Ездоков в такой час было мало, но едва пара человек появилась, паром отчалил. Расписания, похоже, у него никакого не было, ходил по надобности, но переправа тут недолгая. Занялась серая заря, и я различила, как на воде по течению покачиваются льдины.
Паром круга два сделал, только потом приехали Кочет с Лабёфом — спустились по склону к пристани. Я уж начала волноваться, не разминулись ли мы. Кочет сидел на крупном гнедом жеребце, росту в нем было ладоней [48]шестнадцать, а Лабёф ехал на косматом пастушьем мустанге не сильно больше моего.

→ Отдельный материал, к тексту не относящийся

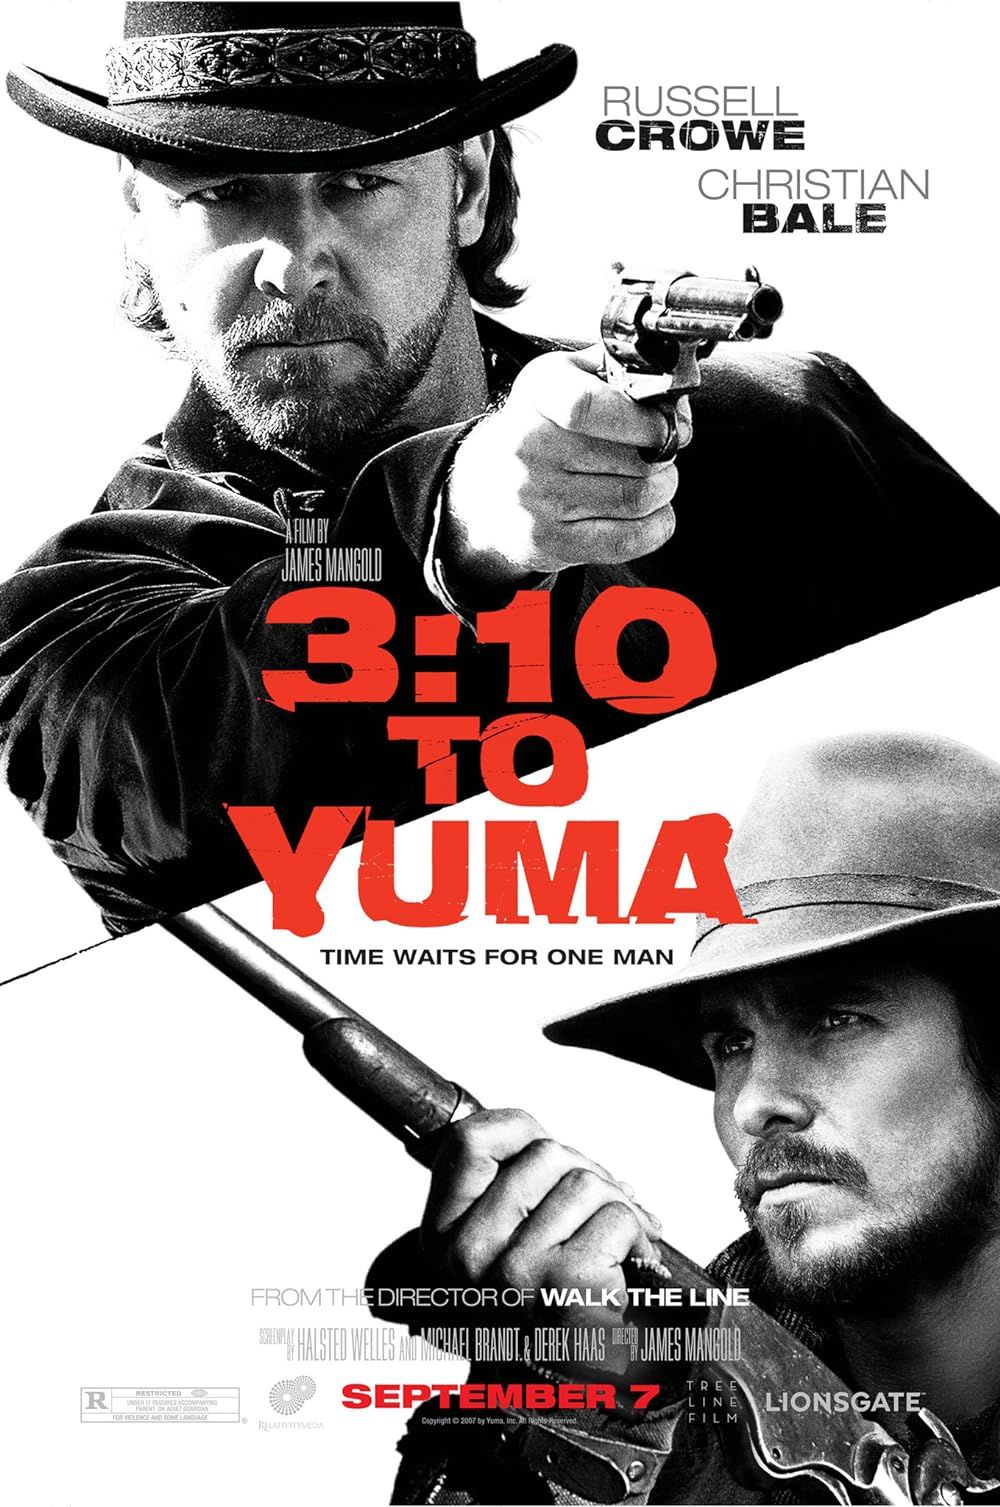 Russell Crowe and Christian Bale wielding guns on the poster of 3 10 to Yuma

Арсеналом они увешались так, что любо-дорого поглядеть. Поверх одежды — ремни с пистолетами, а Лабёф со своими белыми накладками и мексиканскими шпорами прямо сражал наповал. Кочет на свой черный костюм надел куртку из оленьей кожи. На ремне у него был только один револьвер — простой, с кедровой рукояткой, ну или еще из какого-то красноватого дерева. На другом боку, справа, у него висел шотландский кинжал. Ремень у Когбёрна был не такой форсовый, как у Лабёфа, — скромный и узкий, без патронташа. Патроны он носил в мешочке, в кармане. Но в седельных кобурах у бедер у него было еще два револьвера. Больших, как у меня. Еще у следопытов были ружья: у Кочета — магазинный винчестер, а у Лабёфа — этот самый карабин Шарпса, я таких раньше не видела. И первая мысль моя была: «Ну что, Чейни, теперь берегись!»
Они спешились и с лязгом и грохотом завели лошадей на паром; я шла за ними чуть в отдалении. Ничего не говорила. Прятаться не пыталась, но и особого внимания к себе не стремилась привлекать. Кочет меня узнал не сразу.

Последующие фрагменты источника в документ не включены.